Modern operating systems are increasingly moving away from the syscall-at-a-time POSIX model towards shared-memory submission/completion queues like Linux's io_uring, Windows IoRing and macOS' various async interfaces. In my VMIL 2025 keynote at ICFP/SPLASH, I argued that it's time for language runtimes to treat these shared-memory rings as first-class citizens, with POSIX relegated to a compatibility backend.
Lean 4 is an interesting target for this kind of work because it is simultaneously a proof assistant and a practical programming language with its own runtime. Its IO story today is comparatively thin though as it leans (pun intended) on its C runtime for blocking file and socket operations. There is room to design a principled, verified async IO layer from scratch rather than retrofitting one.
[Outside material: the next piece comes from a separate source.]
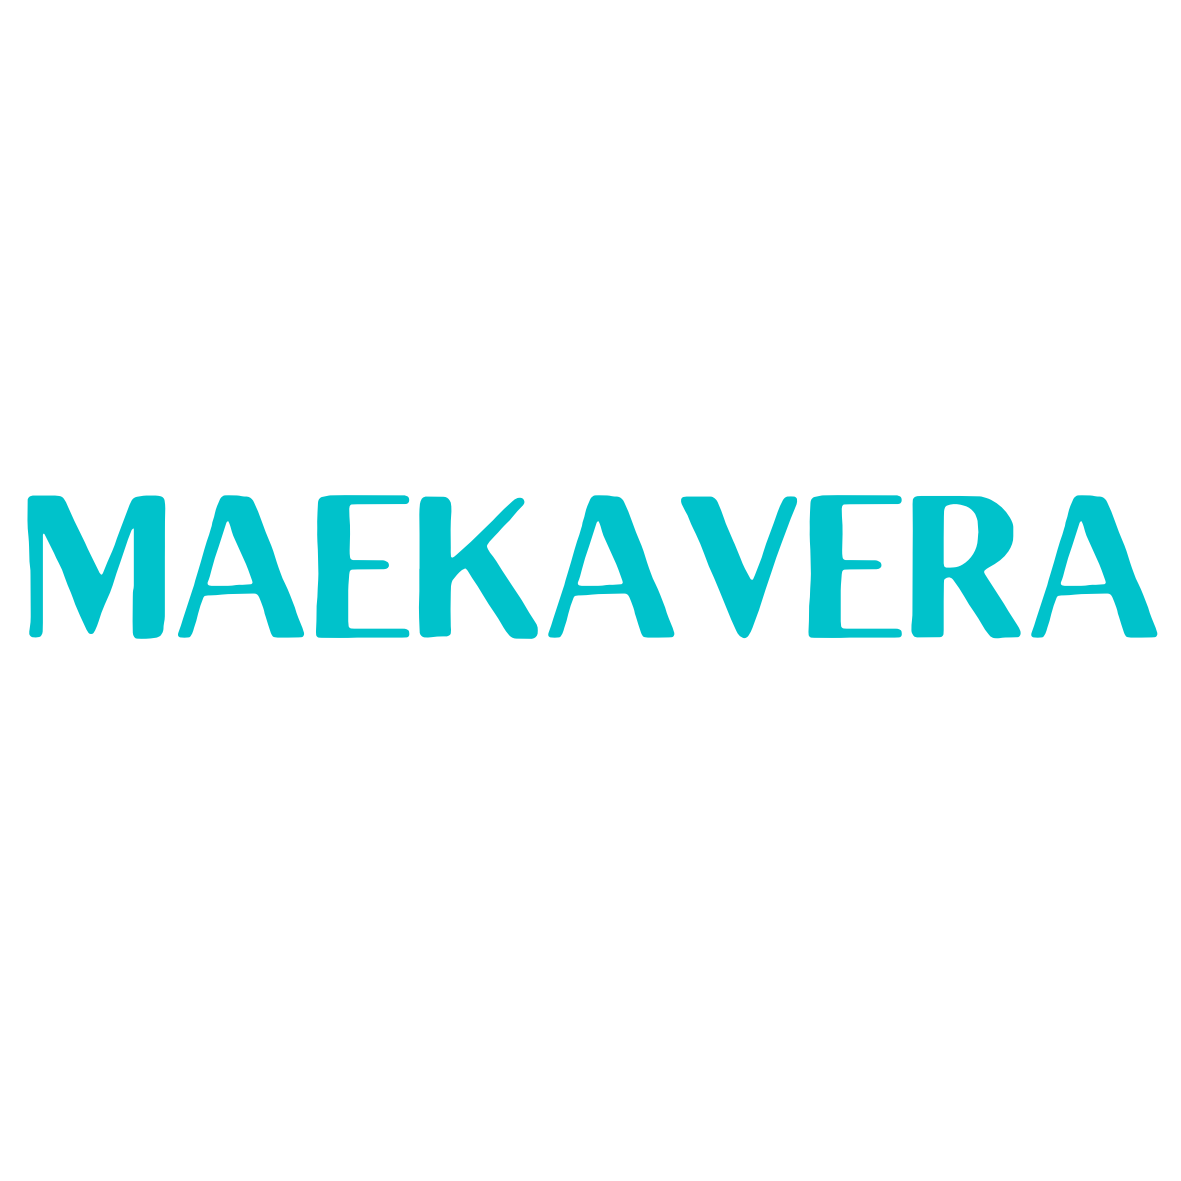 Maekavera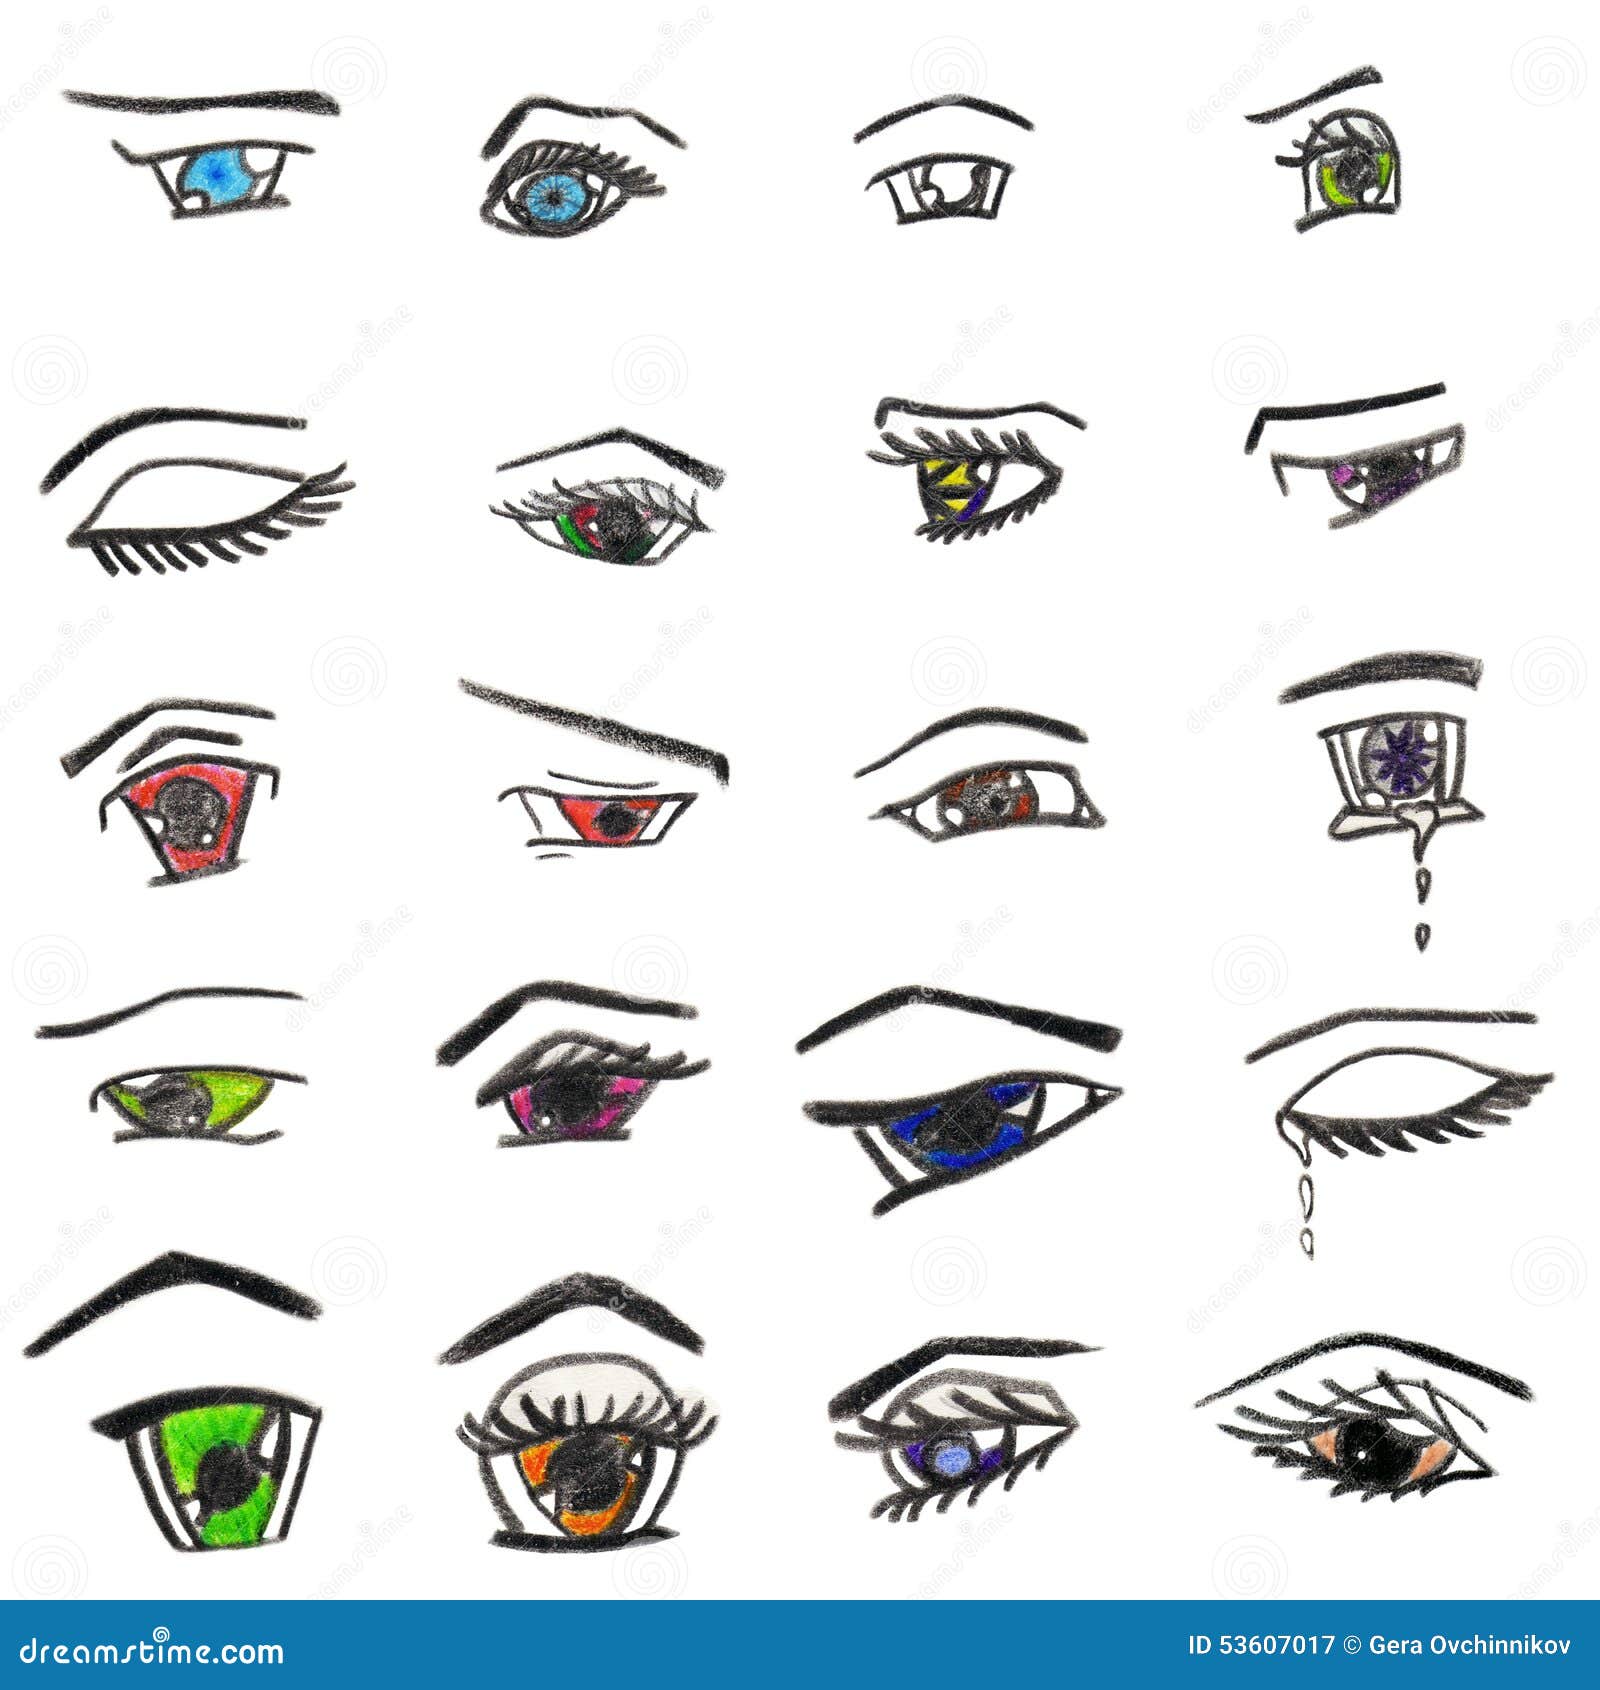 Anime Eyes Stock Illustration - Image: 53607017

This project would design and implement an io_uring-backed IO subsystem for Lean. Most of the work will be specifying the submission/completion queue pair: a bounded, fixed-capacity, lock-free ring shared between a single producer (the Lean program submitting work) and a single consumer (the kernel completing it), with memory-ordering semantics that must be respected exactly for correctness. The student would:
- Model the ring structure. Define the submission queue (SQ) and completion queue
(CQ) as Lean data structures, with explicit head/tail indices, entry
layouts, and the subset of io_uring opcodes needed for a useful demo
(
read,write,accept,recv,send,close). - Specify concurrent semantics. Lean's existing concurrency story is
mostly sequential
IOwith a few task primitives. The project will almost certainly require defining novel abstractions for shared-memory concurrency like monotonic indices, release/acquire fences, and a story for reasoning about interleavings between kernel and user space. - Wire it into the Lean runtime. Use Lean's FFI to
mmapthe ring buffers, register file descriptors and driveio_uring_enter, exposing a clean high-level API (ideally something close to Eio'sFlow.copy) that hides the ring machinery behind typed resource handles. - Build a demo. A small HTTP echo server or parallel file copy that
demonstrates measurable throughput wins over a naive blocking-IO Lean
baseline, like the ocaml-uring parallel
cpexample.
The ambitious stretch goal is to prove the ring's key invariants inside Lean itself. There is growing expertise in Ilya Sergey's group at NUS (more here) on mechanised metatheory for concurrent data structures to ask for help!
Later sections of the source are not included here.